Most (80.7%) children reported 3 or more side effects. The manifested symptoms showed significant association with age (P<0.001), the highest frequency being observed in the 10–14 age group, followed by children younger than 10 years. The reporting of abdominal pain (χ2=10.6, P=0.005), vomiting (χ2=9.08, P=0.01), nausea (χ2=8.57, P=0.01), bloody stool (χ2=10.23, P=0.006), headache (χ2=7.75, P=0.02), dizziness (χ2=6.86, P=0.032) and fatigue(χ2=7.24, P=0.027) were significantly associated with pre-treatment intensity level.

4. Discussion

In this study, an overall schistosomiasis mansoni cure rate of 73.6% and egg reduction rate of 68.2% were observed for the PZQ (Medochemie Ltd, Limassol) administered in a single oral dose at 40mg/kg body weight and evaluated 4 weeks post-treatment. These values are in general within the usual cure rate ranges (63–95%) of PZQ against S. mansoni reported in different epidemiological settings[4],[26][28]. Some previous studies have reported efficacy higher than 85% for PZQ[29][34], while others have reported lower (<63%) efficacy for the drug[13][21],[35],[36]. Such variations might be attributable to differences in the number of treatment, factors related to the host, parasite, and drugs or to the methodology.
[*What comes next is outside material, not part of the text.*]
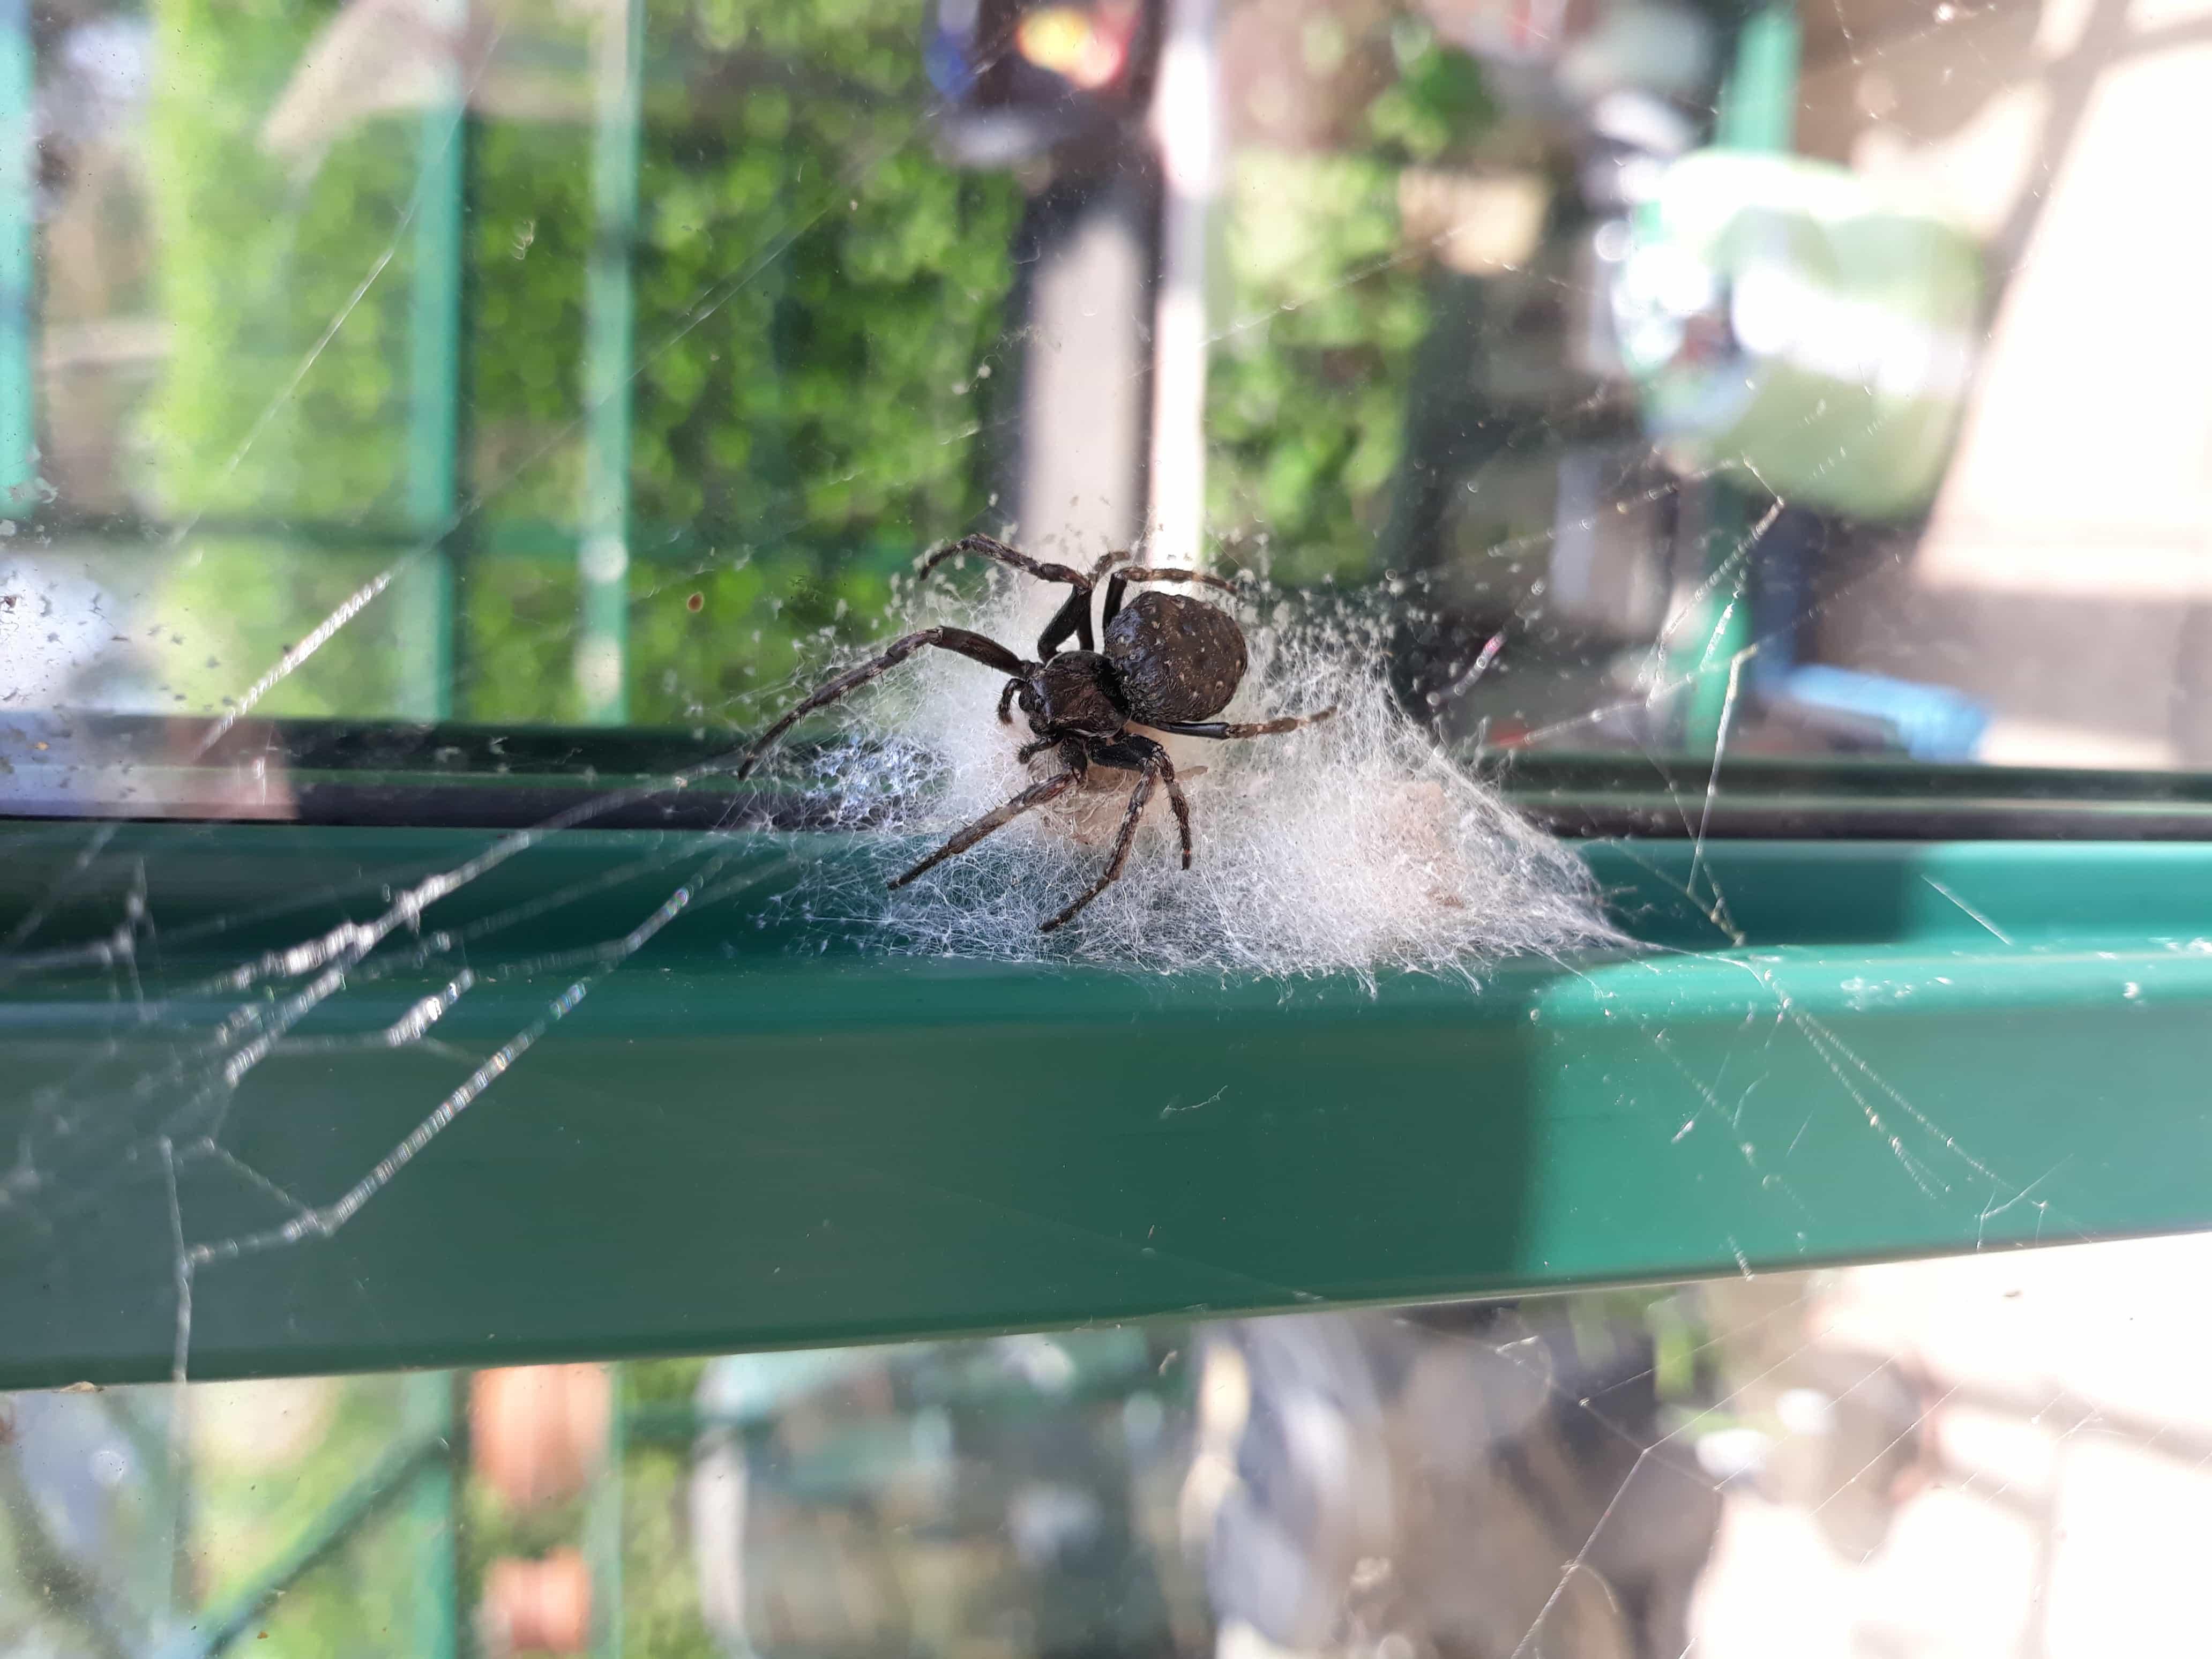 Picture of Nuctenea umbratica (Walnut Orb-weaver) - Female - Dorsal,Egg sacs,Webs

The efficacy of the PZQ observed in the present study was relatively lower and this is partially explained by a single administration of the drug. Unlike a single administration in the present study, most of the previous studies that have reported high efficacy of PZQ administered two or three treatments spaced at certain time intervals[16],[21],[31],[37],[38]. In areas with heavy transmission of schistosomiasis, it has been suggested that people might have been infected in the previous 3–5 weeks. Hence, such patients would harbor immature schistosomes that are less susceptible to PZQ [7],[39][41]. These immature stages have the high chance to survive a single treatment and mature to deposit eggs in the subsequent weeks. Also, high percent of S. mansoni infection (74.9%) in general and heavy infection cases (42.4%, 95/224) in particular before treatment in our study population might have decreased the cure rate of the drug. Unlike the present study, previous studies which documented higher efficacy (>85%) for PZQ were conducted in areas of lower S. mansoni prevalence (<51%) and light intensity infection[30][32].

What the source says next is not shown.